A sunday afternoon ramble through the underbrush, nettles and thorns,
where ideas lay dormant, nestled in for winter, hibernating against the
cold. He had left the path to forge his own way.
He wasn't sure what to write about any more. There were so many things he
had become unsure about. Now this. He had lost his way.
Here's the reality: he was tired. And indecisive, vascillating between an
ideal of what his life ought to be and trying in vain to find a voice that
was authentic. All decisions originating from within himself seemed arbitrary,
thus incapable of commanding his complete and undivided allegiance. The
result: a paralysis of will, an inability to mobilize his powers, to consolidate
the resources of his mind, heart, soul, experience, training.
He was wounded, with a wound he knew incurable.
In an upstairs room, sitting in the dilapidated cushioned chair which he
had obtained at a flea market for fifty cents, he organized his thoughts
and prepared to scratch out the story of his life, a suicide note.
--R.A.G.
I was stunned, for this writer, this writer who had lost his way, who
had been wounded with an incurable wound, who was once confident but now
confused... this writer was me. Inside I trembled, though I concealed it
from my hostess.
"Do you have more?" I asked.
She looked as if she were about to break down. Her cheeks were red, eyes
averted.
"I'm having trouble putting this all together," I said. "For
years your husband stored his brother's manuscipts in his attic. Then one
day he decides to burn everything. Did he ever say why?"
"He only said that it was 'God's will' and that he didn't want to talk
about it."
"Was this like, say, a week after Richard died?"
She shook her head.
"A month?"
She continued shaking her head.
"A year? Or when?"
When she didn't make any reply there was a long pause in our conversation
which, though awkward, gave each of us a few moments to reflect. As I studied
her pale grey eyes I could only guess where her thoughts were escorting
her. The ticking clock on the mantle seemed to stress that I had overstayed
my welcome, nevertheless I did need to ask about one more thing.
"Would you mind if I asked how Richard died?"

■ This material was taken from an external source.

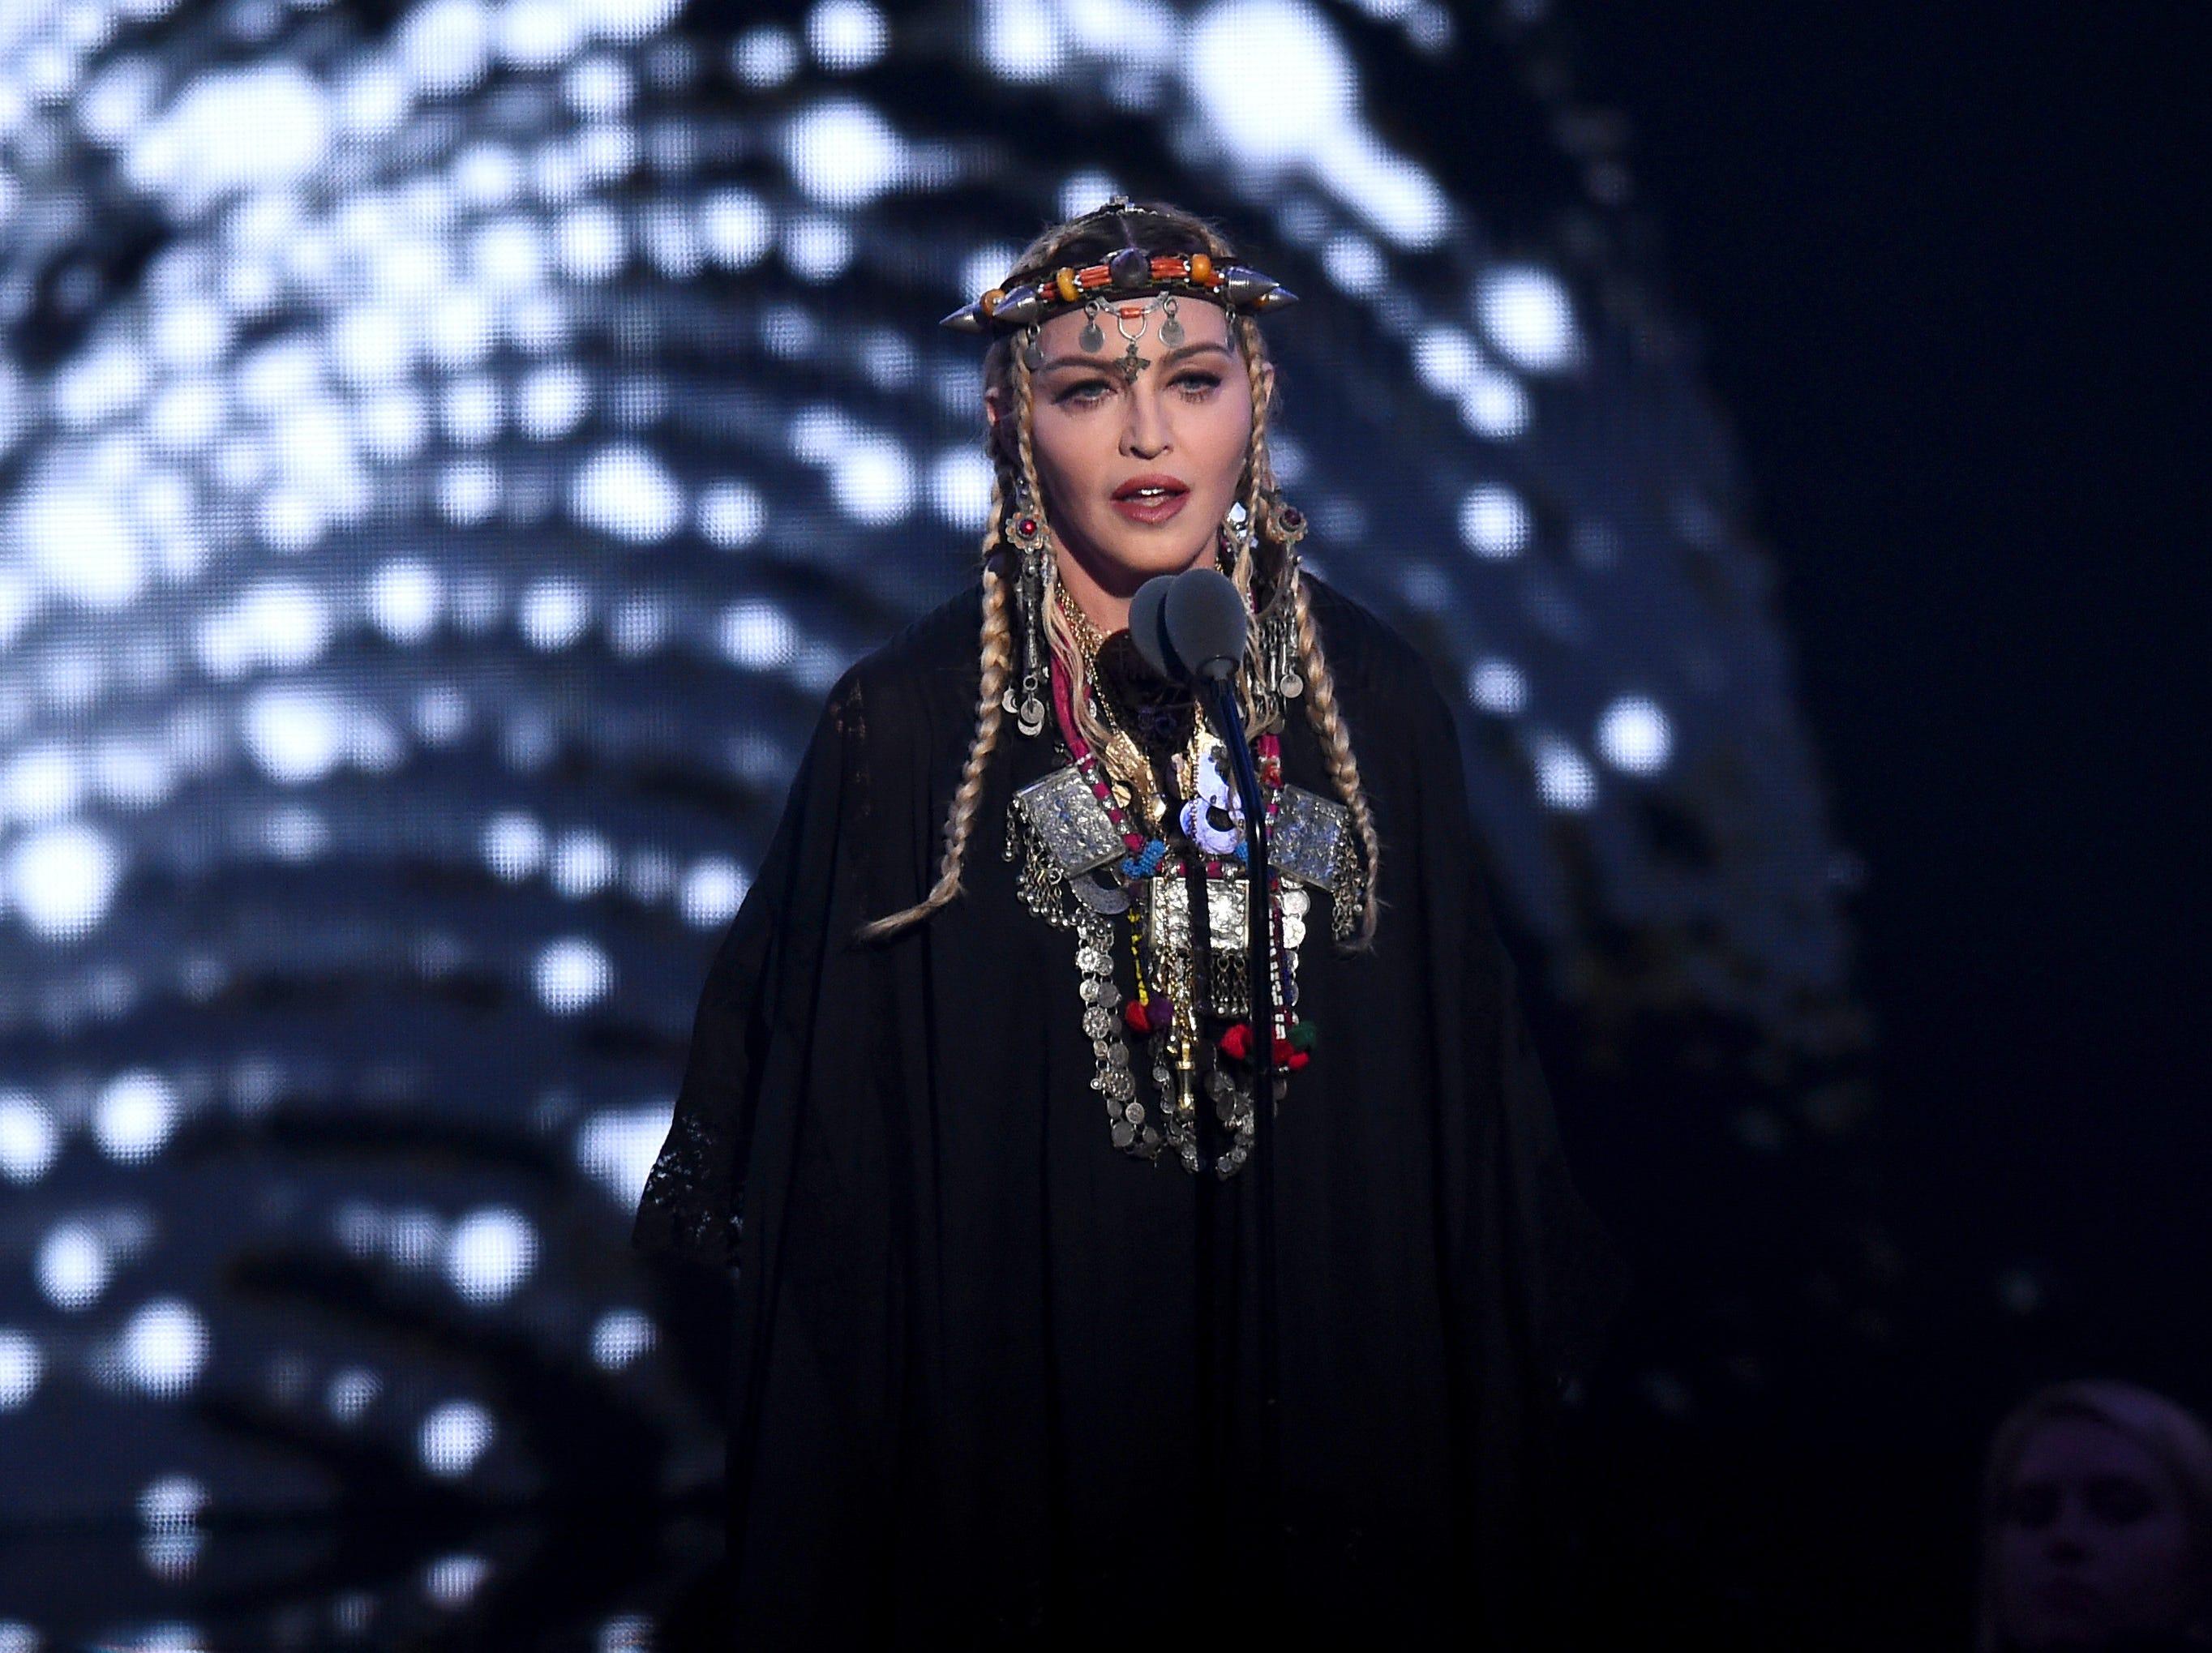 Madonna habla en el escenario durante los MTV Video Music Awards 2018 en el Radio City Music Hall el 20 de agosto de 2018 en la ciudad de Nueva York.
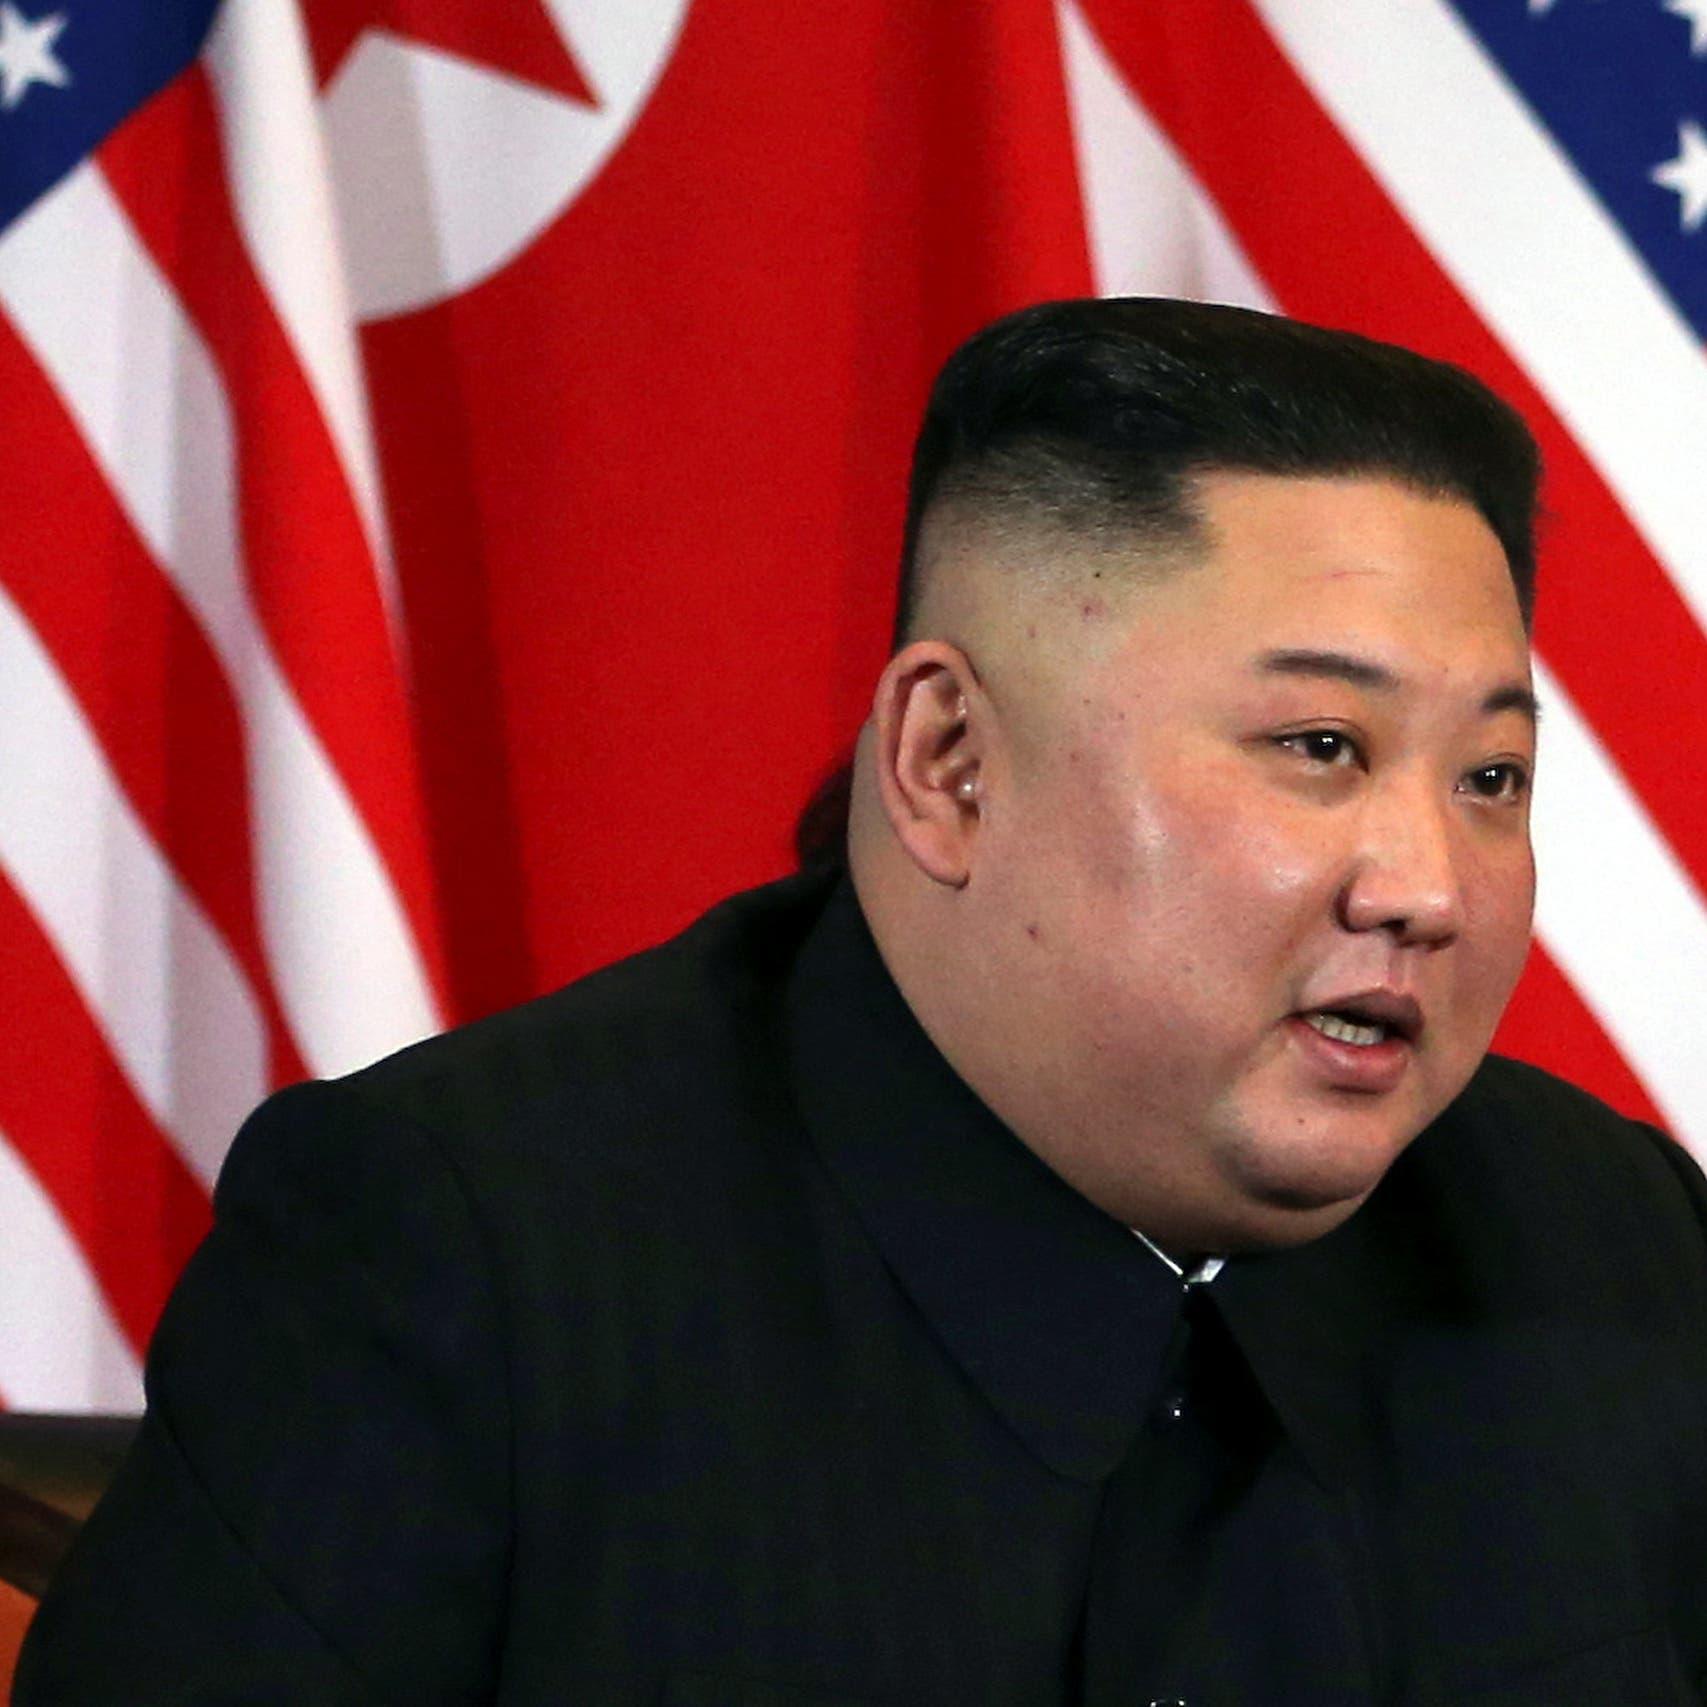 كيم يهدد بضربة قاضية لمؤيدي العقوبات ضد كوريا الشمالية

"It was really terrible. He died in a fire."
"I thought it was a suicide."
"Yes, he set himself on fire in his bed."
"Sounds like an awful way to choose to die. How did they know it wasn't
accidental."
"Oh yes, that's exactly what they thought until Greg got the letter."
"So there was a suicide note?"
"It was mailed the morning of the day he died."
"You're sure of that? And you're sure it was his handwriting."
"Definitely. He had a very distincitive way of making his letters,
all full and round. His penmanship was like a work of art, like calligraphy.
His whole life was that way, actually."
"Do you remember what it said?"
"Something like, 'When you read this I'll be gone.'"
"You sound as if you almost liked him."
She did not reply and I could tell she cared about him very deeply.
"How often did you see him?"
She didn't answer again.
"Do you still have his last letter?" It seemed a stupid question
as soon as I said it. Her husband had burned everything else the guy had
written.
The story fragment was lying on the table and I selfishly wanted to ask
if I could have it. Instead I pulled two dollars from my wallet and set
them on the table. "Can you photocopy this for me?" Then I scribbled
my address on a piece of paper. "Mail it to this address."
She nodded, as if this wouldn't be a problem.
"Oh, did you know his friend Gary Spencer?"
"His name was mentioned a few times. A writer friend, I believe."
"I'm trying to find him. Someone said he joined a monastery. You wouldn't
have any idea where, would you?"
I left feeling pretty much like I'd come to a dead end and feeling sad in
myself for these two brothers. Still, the blue sky and brightness of the
sun lifted me up a bit as I returned north to my home. Though my thoughts
were strange and all over the place, they continually returned to a single
notion: to now find, if it were possible, Gary Spencer.